DESCRIPTION OF THE TASK:
From first line to last, copy the listing exactly and omit its pictures.

DATA SHOWN:
□ □ □
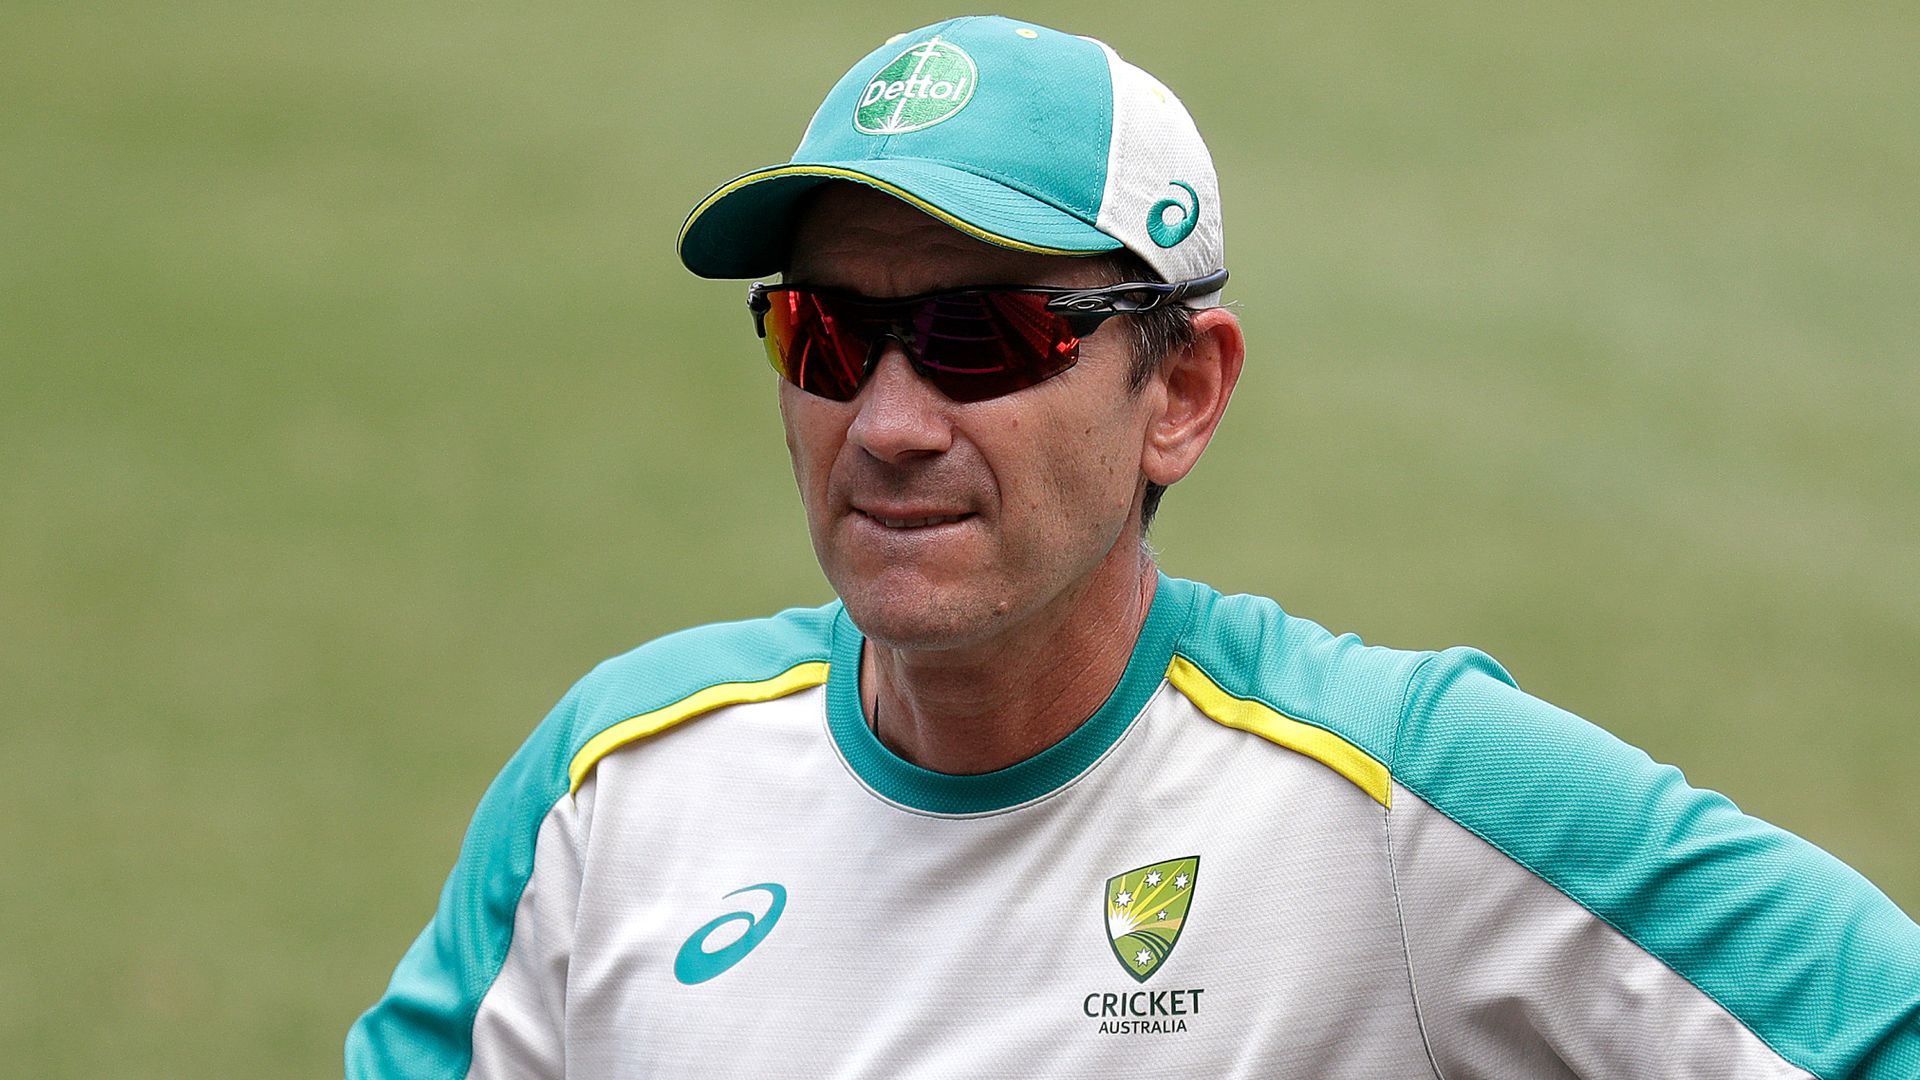 'Langer feels like Aus players are stabbing him in the back'
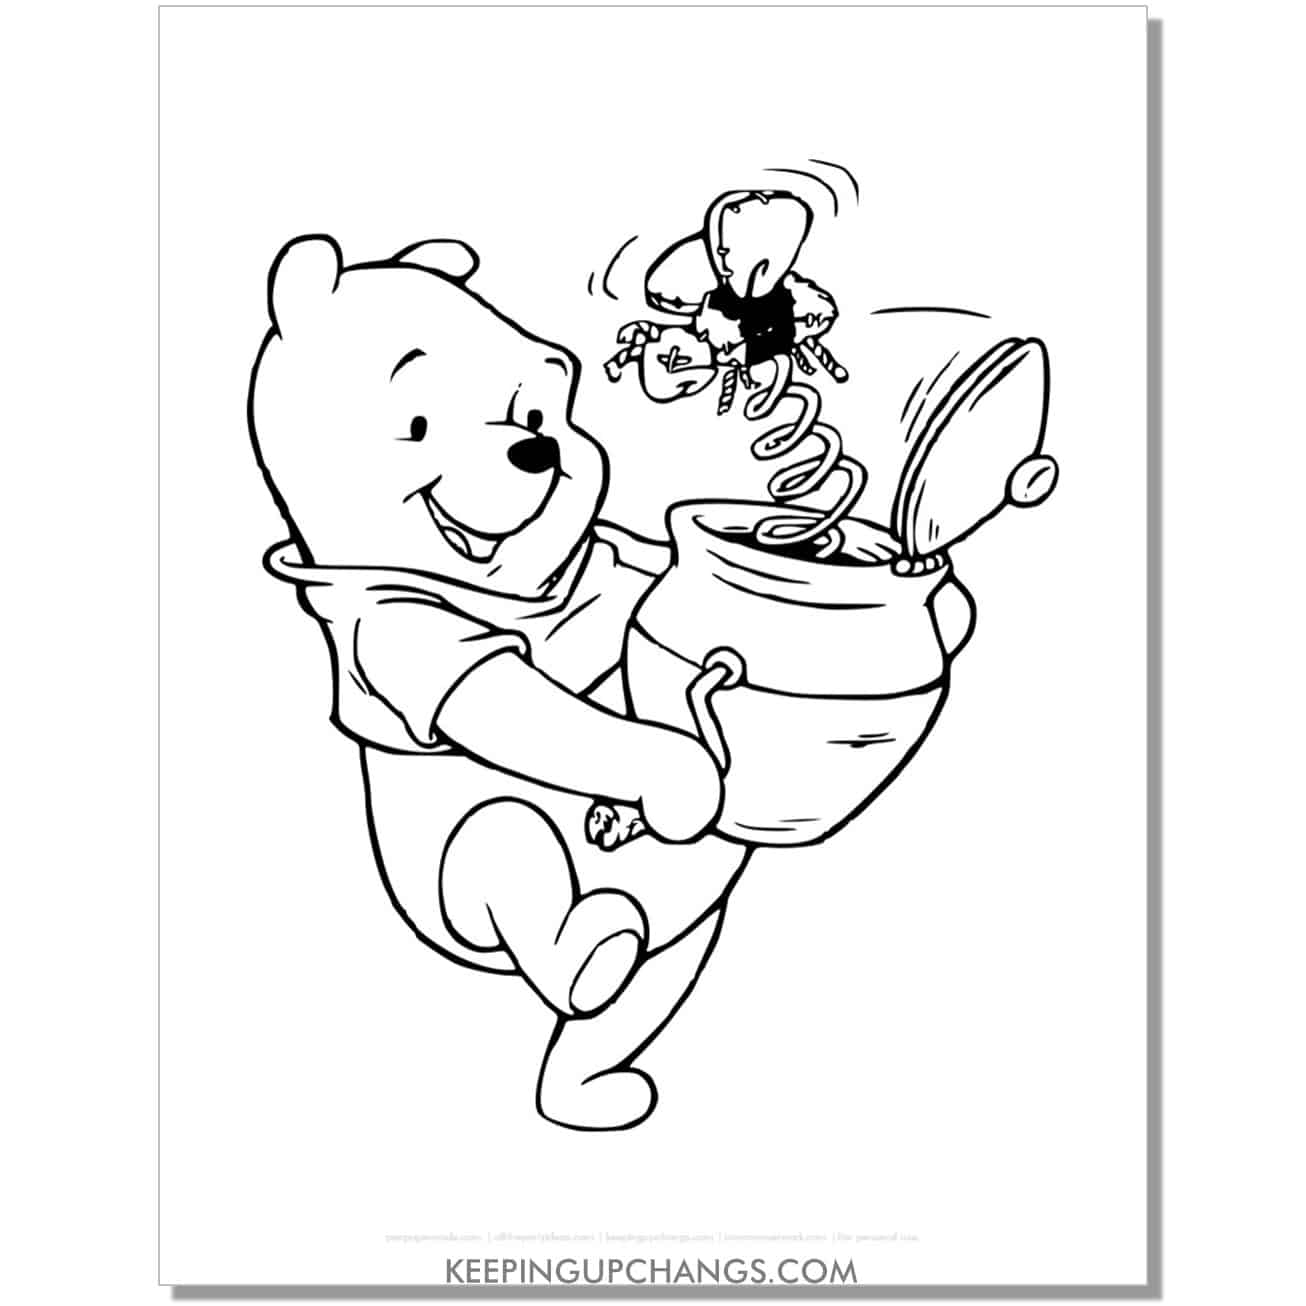 winnie the pooh with jack in the box bee coloring page, sheet.
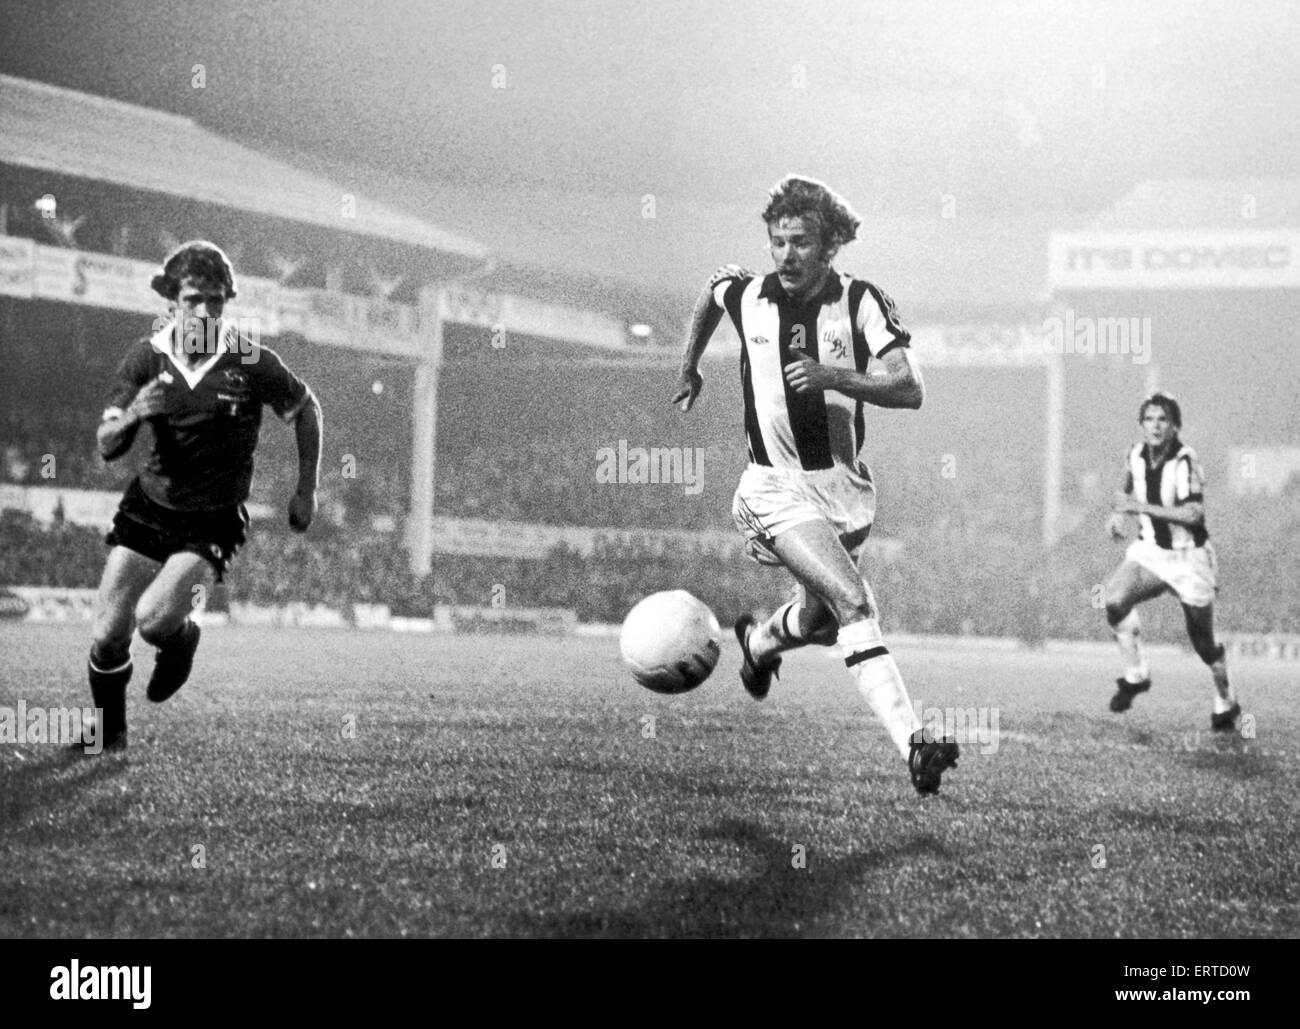 David Mills attacking the Manchester United goal area with Jimmy Nicholls in pursuit. West Bromwich Albion V Manchester United, score 2-0 to West Bromwich Albion, League Division One, venue The Hawthorns. 10th October 1979. Stock Photo
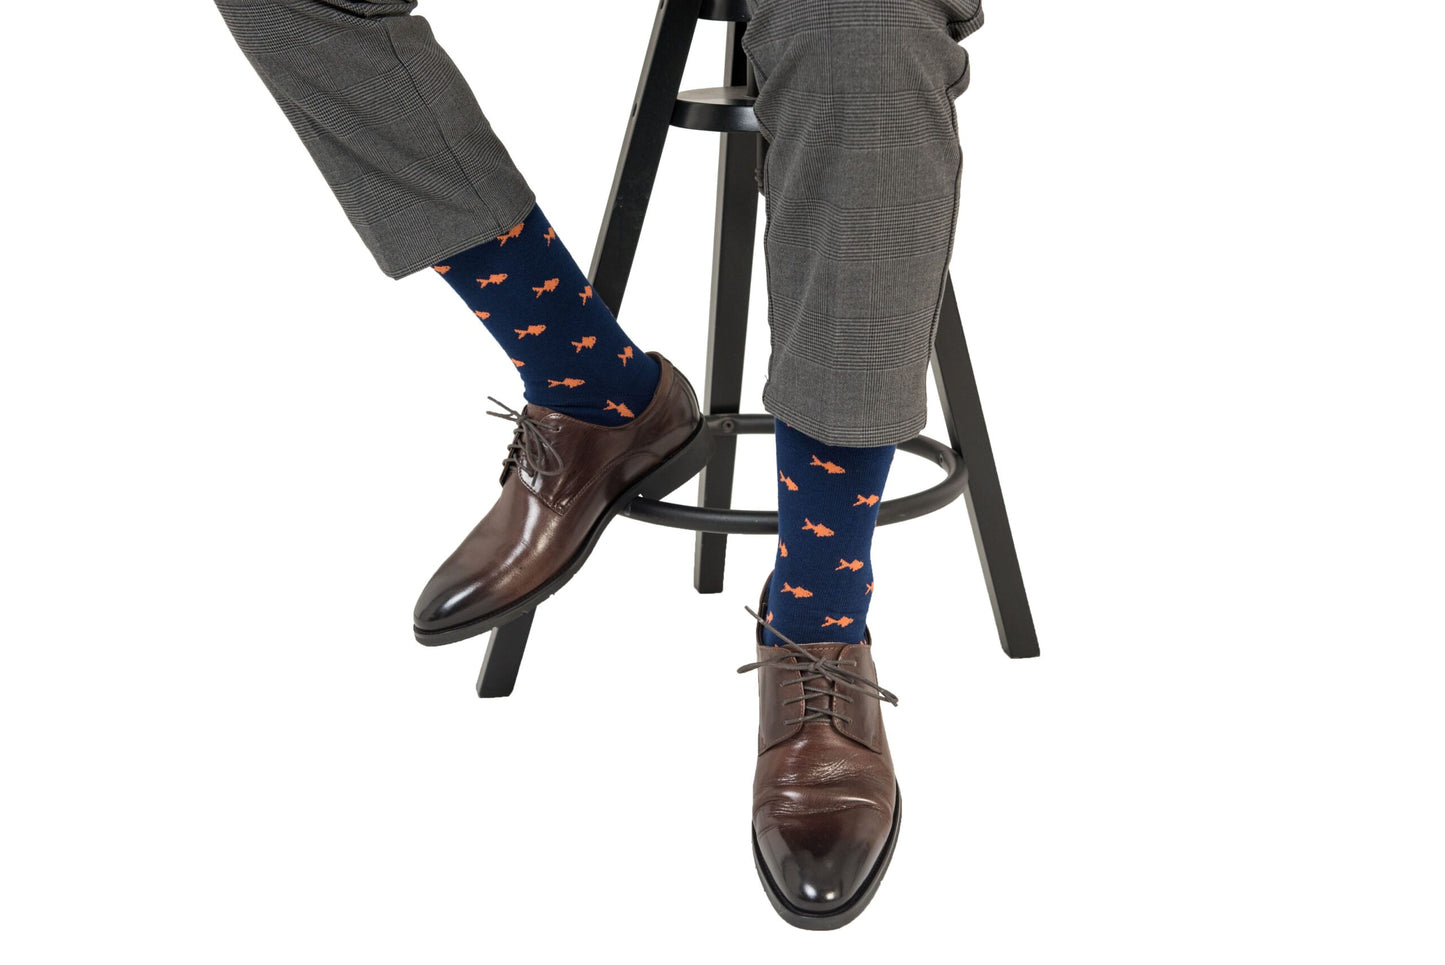 A man sitting on a stool wearing a pair of Gold Fish Socks.
□ □ □
ANSWER TO THIS TASK:
 'Langer feels like Aus players are stabbing him in the back'
 winnie the pooh with jack in the box bee coloring page, sheet.
 David Mills attacking the Manchester United goal area with Jimmy Nicholls in pursuit. West Bromwich Albion V Manchester United, score 2-0 to West Bromwich Albion, League Division One, venue The Hawthorns. 10th October 1979. Stock Photo
 A man sitting on a stool wearing a pair of Gold Fish Socks.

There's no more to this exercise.